David Weigel thinks it's odd that no one in the media cares that Indiana governor Mitch Daniels has expressed an openness to tax hikes. In an interview with John Dickerson, Daniels placed himself apart from other Republicans on tax increases:
In the Republican debate held in Ames, Iowa, in August, candidates were asked to raise their hands if they would oppose a long-term budget deal that included a 10-to-1 ratio of spending cuts to tax increases. They all did (and Rick Perry, who wasn't yet in the race, later affirmed that he would have joined them). In aninterview for CBS, I asked Daniels what he would have done. "I would not have raised my hand," he said.
Weigel suggests that the radio silence on Daniels's apostasy is a sign that the media, in its obsession with GOP horse-race politics, doesn't care about a sitting governor who's not in the race.

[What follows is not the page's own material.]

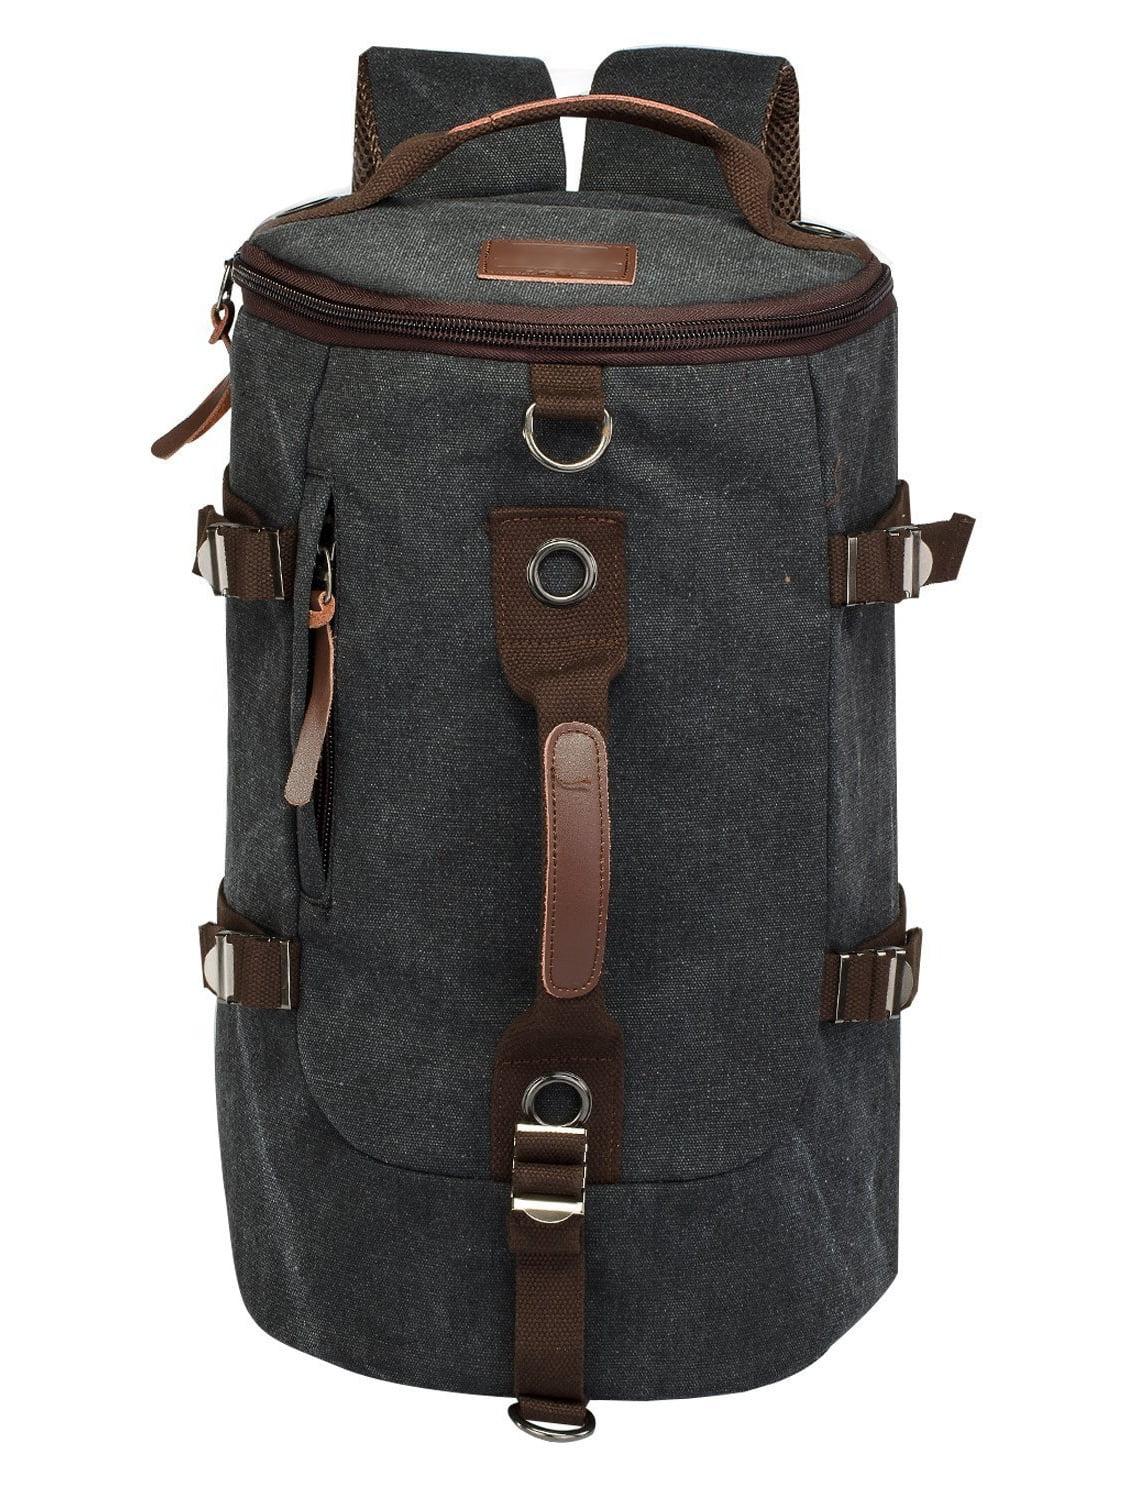 LUXUR Retro Duffel 30L Cylinder Bag Canvas Travel Backpack Hiking Shoulder Handbag by LUXUR

There's certainly an element of tunnel vision at work in the political press corps. But it's also worth considering whether this latest statement represents a change in Daniels's views.
Although Daniels would have been a very strong presidential candidate, one of the conservative criticisms of him was that he would be willing to contemplate tax increases. Perhaps he never said it outright, but he signaled that he wouldn't rule out tax hikes in bargaining with Democrats, by refusing to sign Grover Norquist's anti-tax pledge and publicly mulling over a value-added tax, among other indications. Also, Daniels avoided apologizing for a record as governor that includes tax hikes and a 2005 proposed tax hike on high income-earners. Definitely, he would not have been the choice of Republicans prioritizing low tax rates above all else.
Which isn't to say that Daniels would have been a pro-tax candidate. In fact, if you watch the interview with Dickersonin which he suggests he would be open to a "grand bargain" on deficits that included tax hikes, he makes it clear that he is more or less on the same page as the rest of the GOP: he would only consider increases in the context of a grand bargain that significantly cut the debt, and then only if he could be sure that the deal wasn't a "bait-and-switch" in which the spending cuts never materialized but the tax hikes did.